Stretch everything thing, big stress for everyone. Fiance working three jobs, me with two, and still treading water. Manage to keep a level head and get the business closed when my grandmother takes a turn for the worst and goes to be with my grandfather. The whole time I remember my Grandpa Milo (who passed in 98) reminding me to be persistent and do unto others. We decide to move into my grandparents house, which brings us to the present. With the soon-to-be-wife working like crazy, and myself working until 11pm every night to clean out their house, have an estate sale and move all of our possessions in a small van to the house, the mental stress is huge. On top of my car breaking down and having to fix that as well, I still manage to help out my old apartment neighbor fix his VW (before I fixed my own) for free since he couldn't afford a shop to help him out and his family only had one car.

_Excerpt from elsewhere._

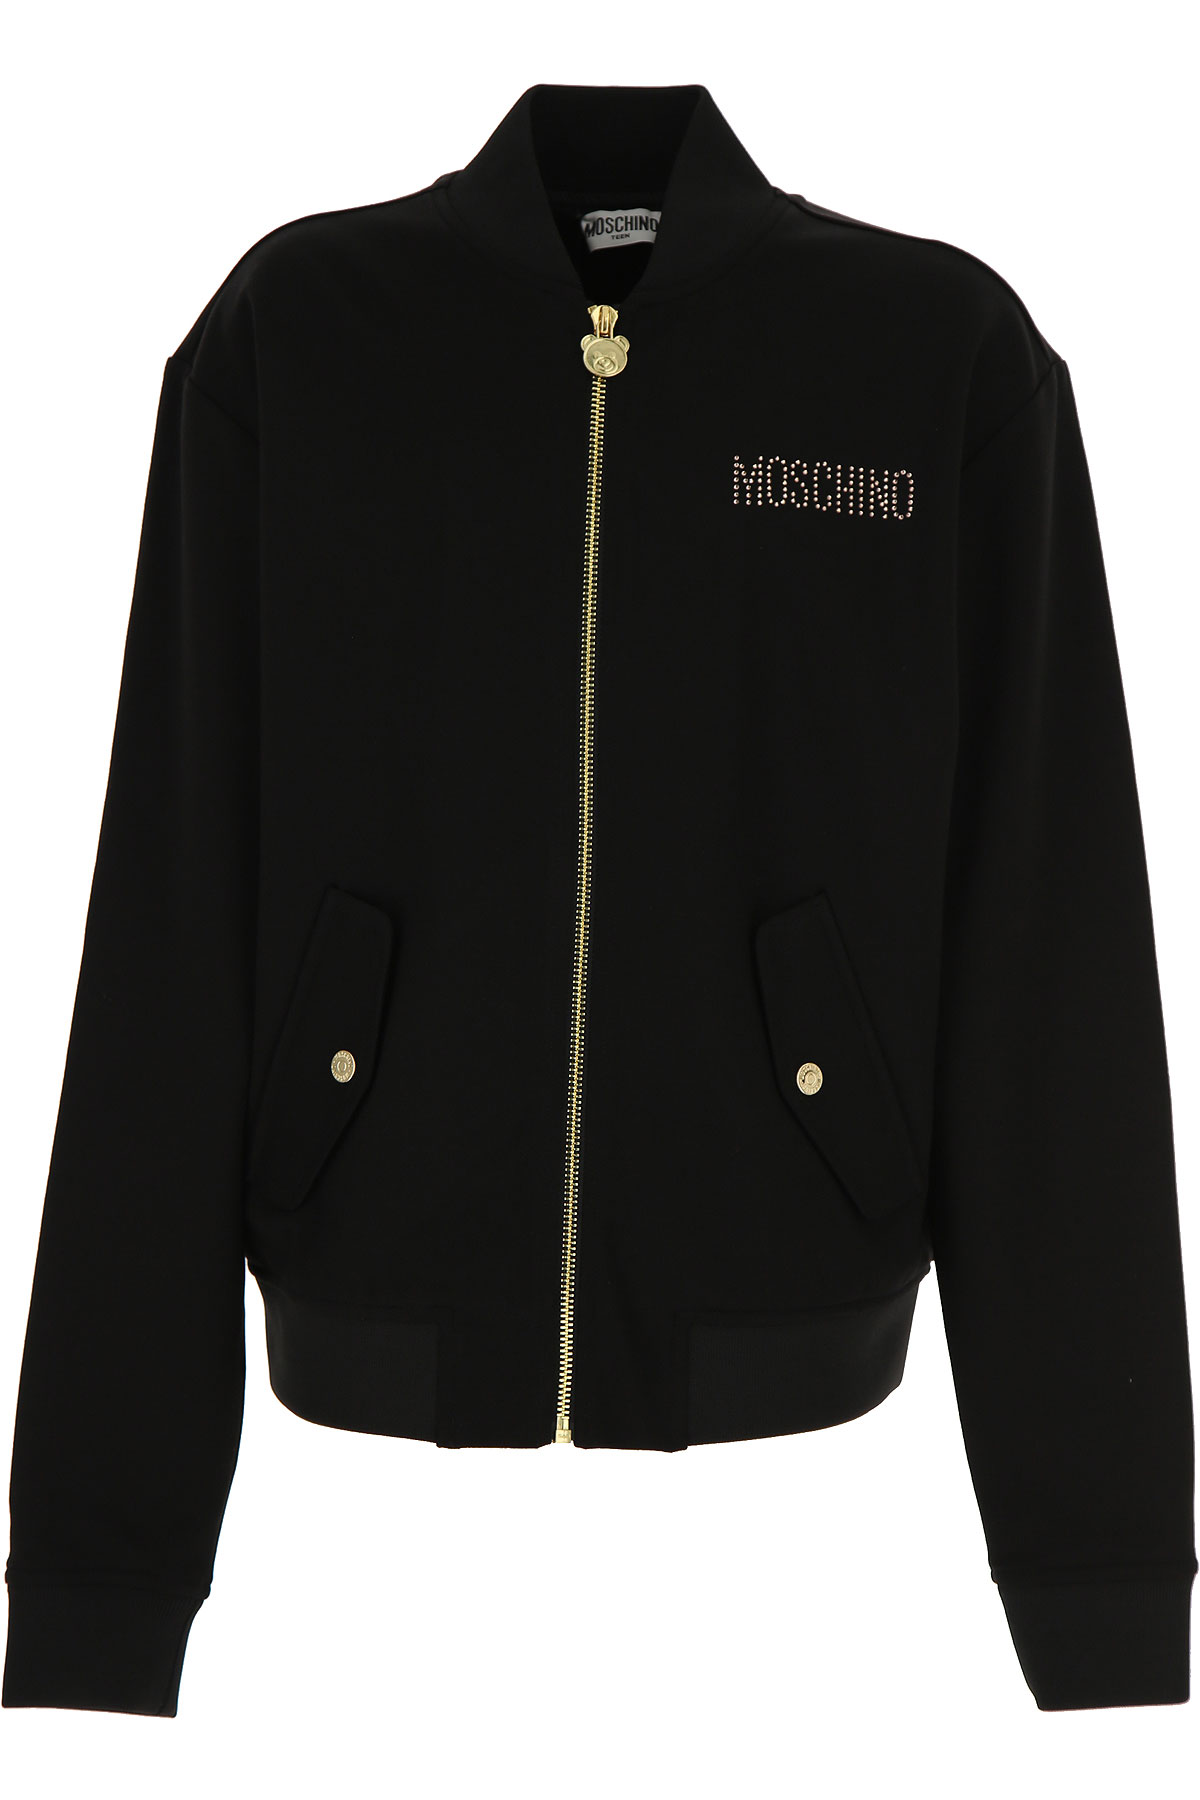 girls moschino jacket

Moved, everything peachy at the moment. Until my uncle lies behind my back to my parents about what I have been doing, saying I'm trying to bleed my grandparents assests dry. Great news after almost a year of busing my rump for helping out my family. Finally get him quieted down and assess the house I'm in.

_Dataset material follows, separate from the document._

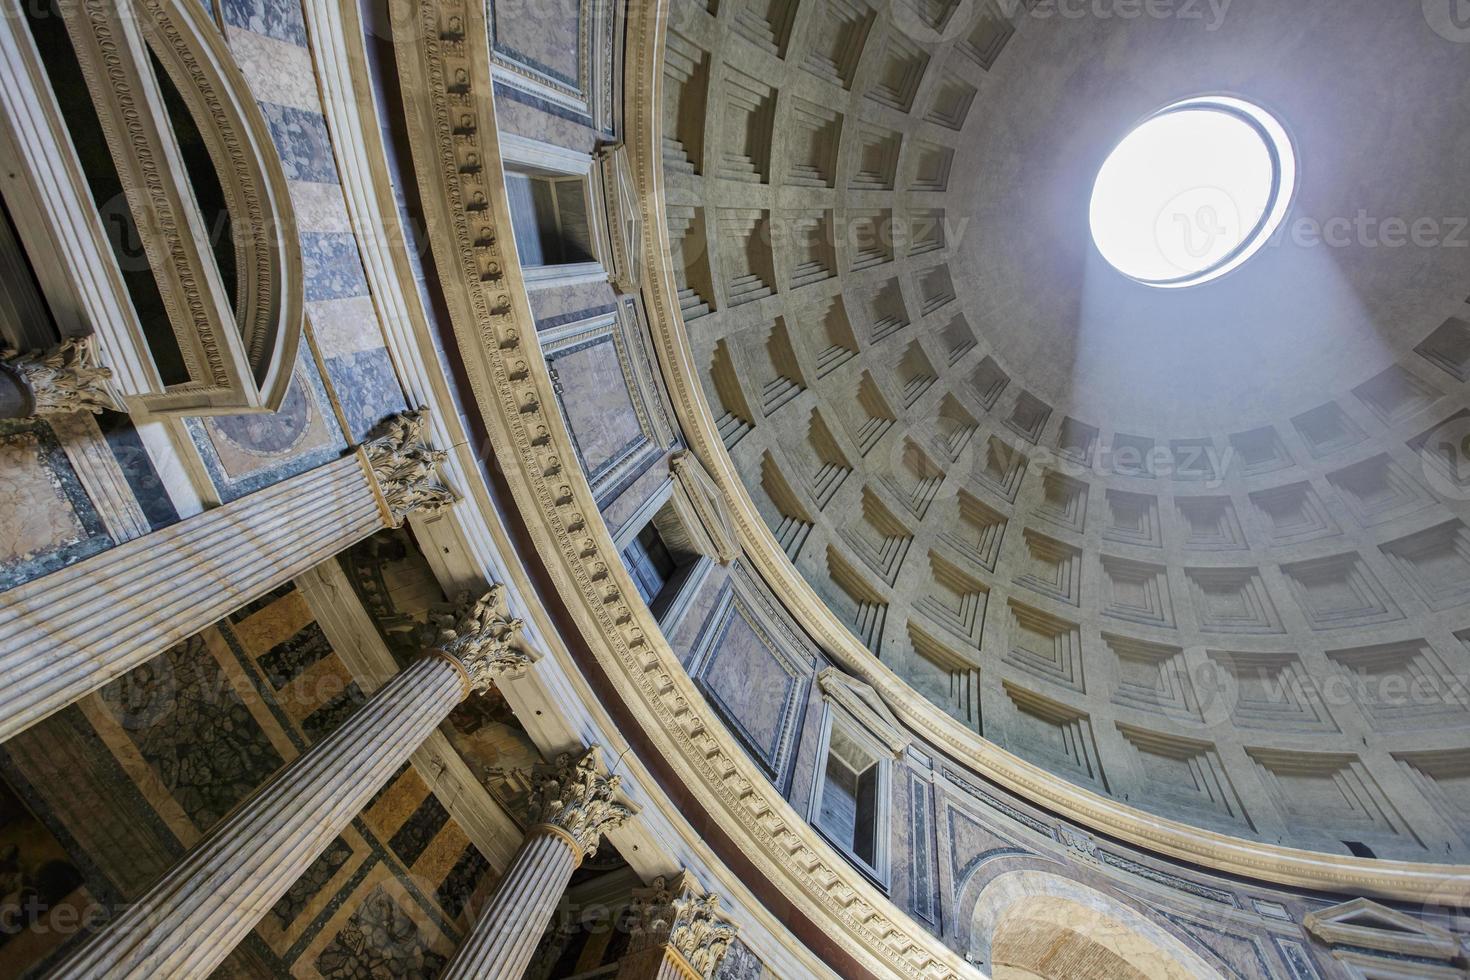 Pantheon in Rom, Italien foto

Not good. House sank 6 1/2 inches in the back. Quoted 50K + to just fix the foundation (even though I could rebuild the entire inside, which I plan to do, I can't do this). So now I'm stuck. I'm cut down on my teaching job, planning and paying for a wedding myself, working odd jobs on the side (which is where a toolbox comes in) just to keep a falling roof over my head. But I keep in my mind all the time what I'm doing for my kids at school, my neighbors that are also stretched thin, and ensuring that my future wife will have the dream wedding she deserves and a life without worry, like my grandpa Milo did for my other grandma (who is 87 and still kicking life's ****!). I work hard for what I have and put my individual wants/needs last because I need to give back to others, and I plan to do it until the day I can't lift a pinky, the whole time teaching my children to pay it forward as well.
I know this might not seem as worthwhile as some of the other users on here, but I've worked a lot and been burned a lot, but I keep going because of my need to make a difference.